Difficulties with the proposed PS include the complex nature of the staging system with potential for lack of reproducibility [38]. Realisation that certain tumour profiles could not be assigned a PS has been addressed in a recent update [39]. More serious drawbacks include restriction of PS to patients who undergo surgery as their primary treatment in an era where many patients with HER2-positive and triple-negative breast tumours receive neoadjuvant chemotherapy. Disparity in staging and loss of information internationally will inevitably result from unequal access to biomarker studies. Within the more developed countries, variable access to multigene panels and economic considerations [40] will lead to differences in stage even with adoption of this new approach to BC. The availability of multiple genomic assays with varying concordance for individual patients is another confounding factor [41-45]. Inclusion of multigene assay results will necessitate regular updating and reformatting of modified PS as evidence of their clinical validity emerges [44, 46]. Improved understanding of BC heterogeneity at morphological and molecular level with implications for the efficacy of targeted therapy [47] will also need to be considered.

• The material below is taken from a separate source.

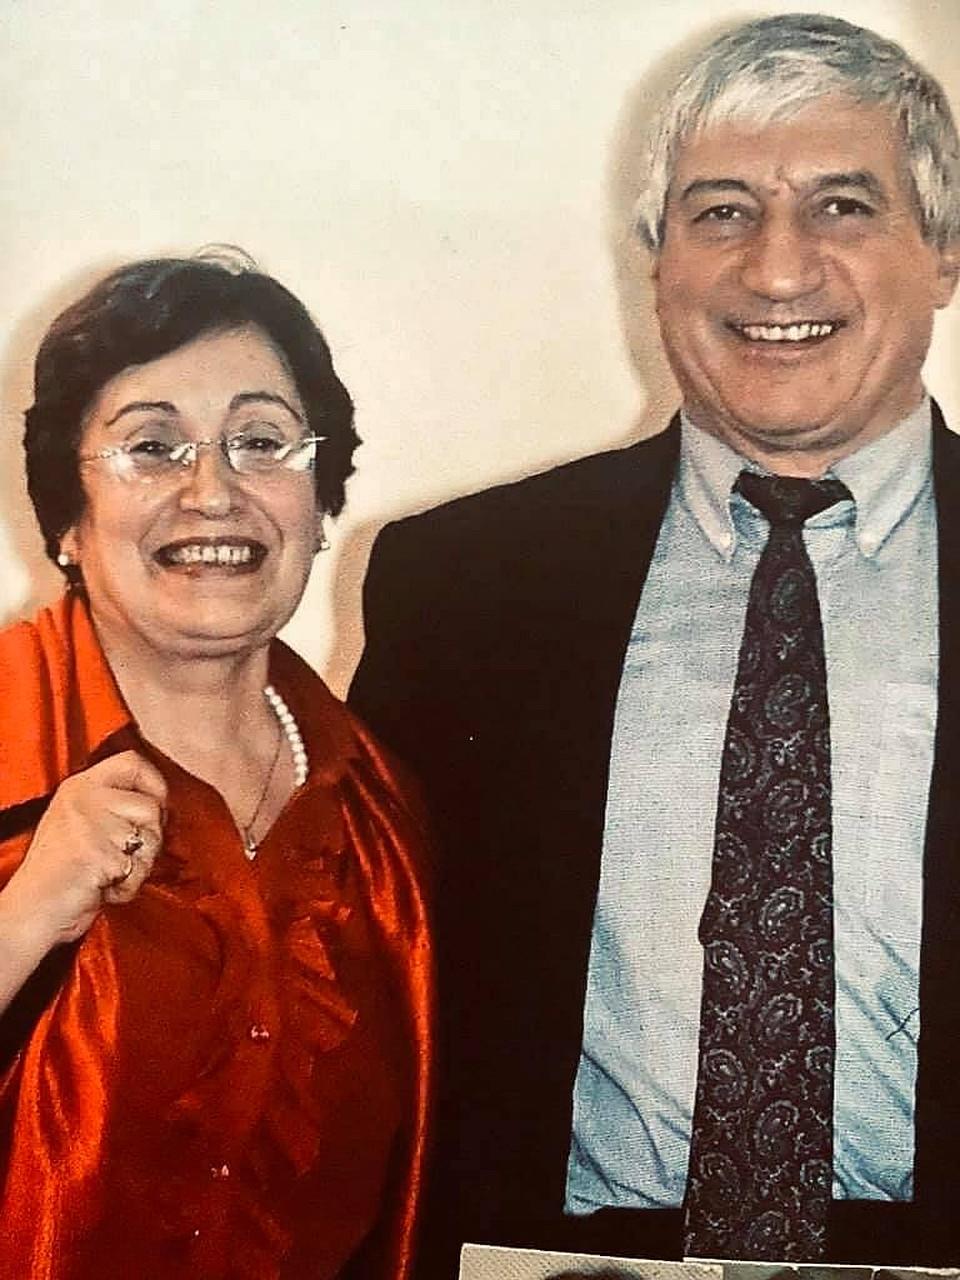 Асратян Арпик с мужем
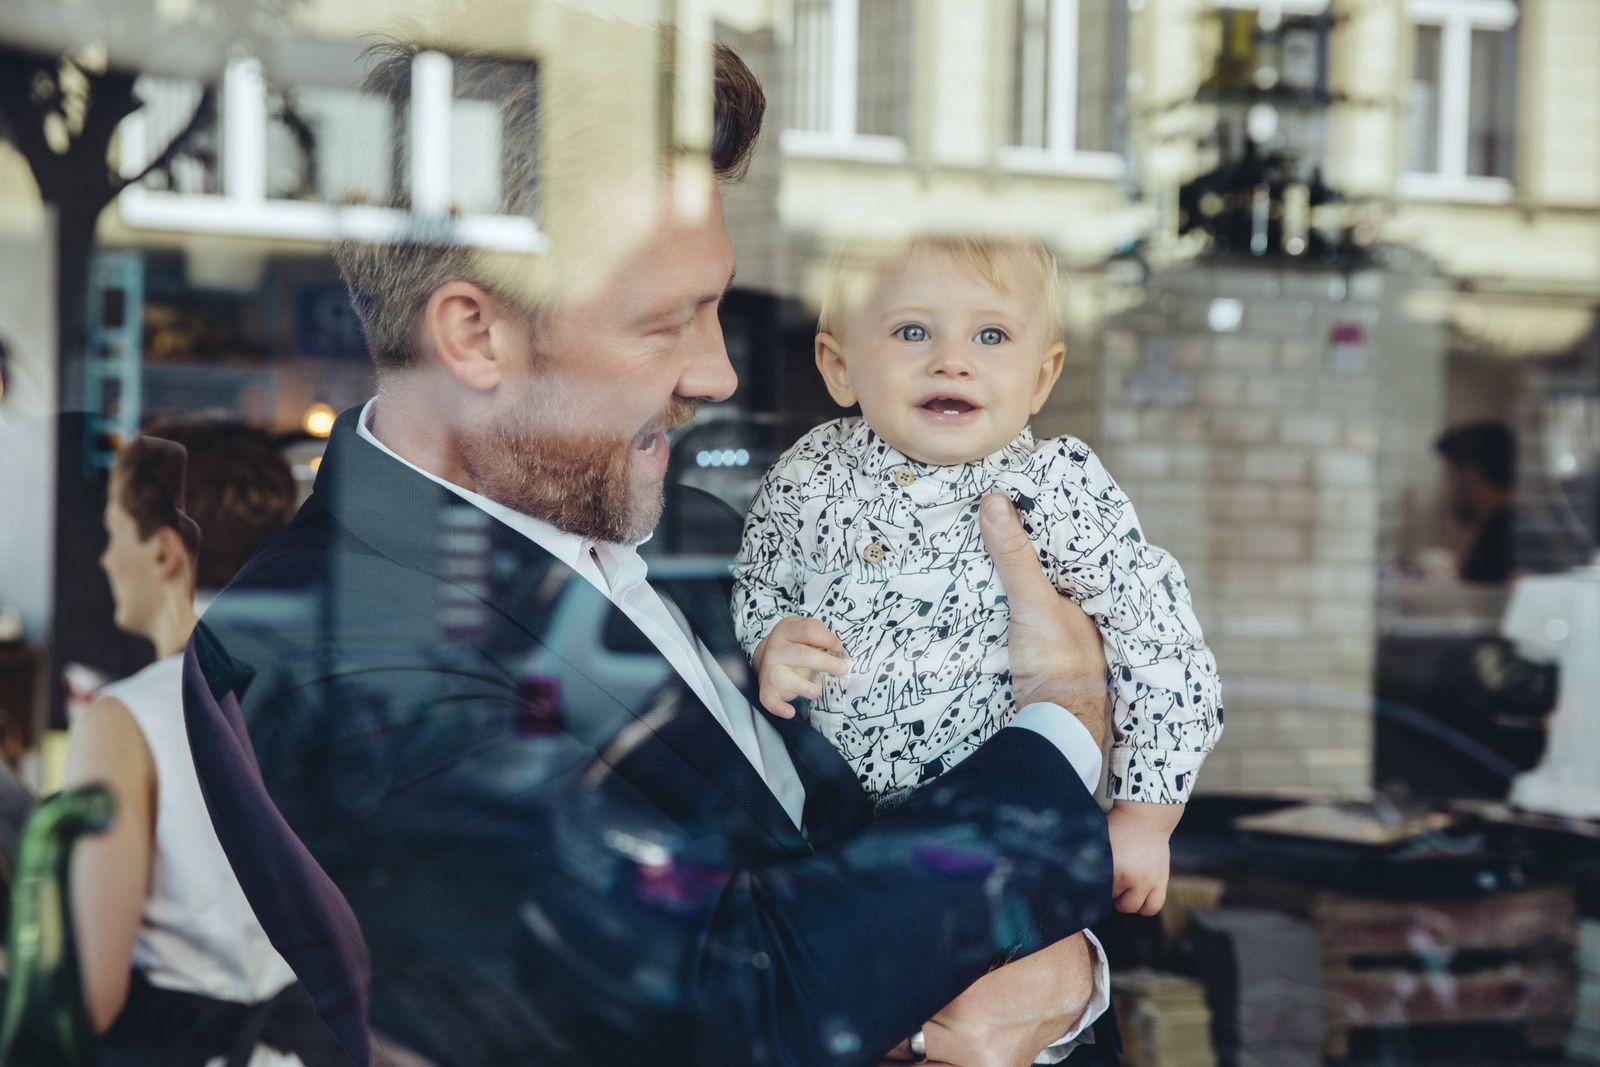 Manager / Geschäftsmann / Baby / Kleinkind

In conclusion, our study demonstrates that application of PS, including that modified by a low Oncotype DX® RS, results in tumour downstaging in approximately 20% of patients with early BC. In this series of patient with early BC, upstaging was seen in 9% of patients when staged according to PS and was primarily due to the impact of high histological grade. This new approach to BC staging aims to synthesise the anatomic extent and biological properties of a tumour such that the prognostic implication of a particular stage takes account of the likely response to personalised therapy [48]. Disadvantages include the potential for loss of epidemiological information internationally due to unequal access to biomarker and multigene assays and the need for regular updating as new predictive tests and evidence for their clinical validity emerges.
Statement of Ethics
The authors have consulted the journal policy regarding compliance with ethical standards and state that accepted principles of ethical and professional conduct have been applied to this study.
Disclosure Statement
The authors declare that they have no conflict of interest.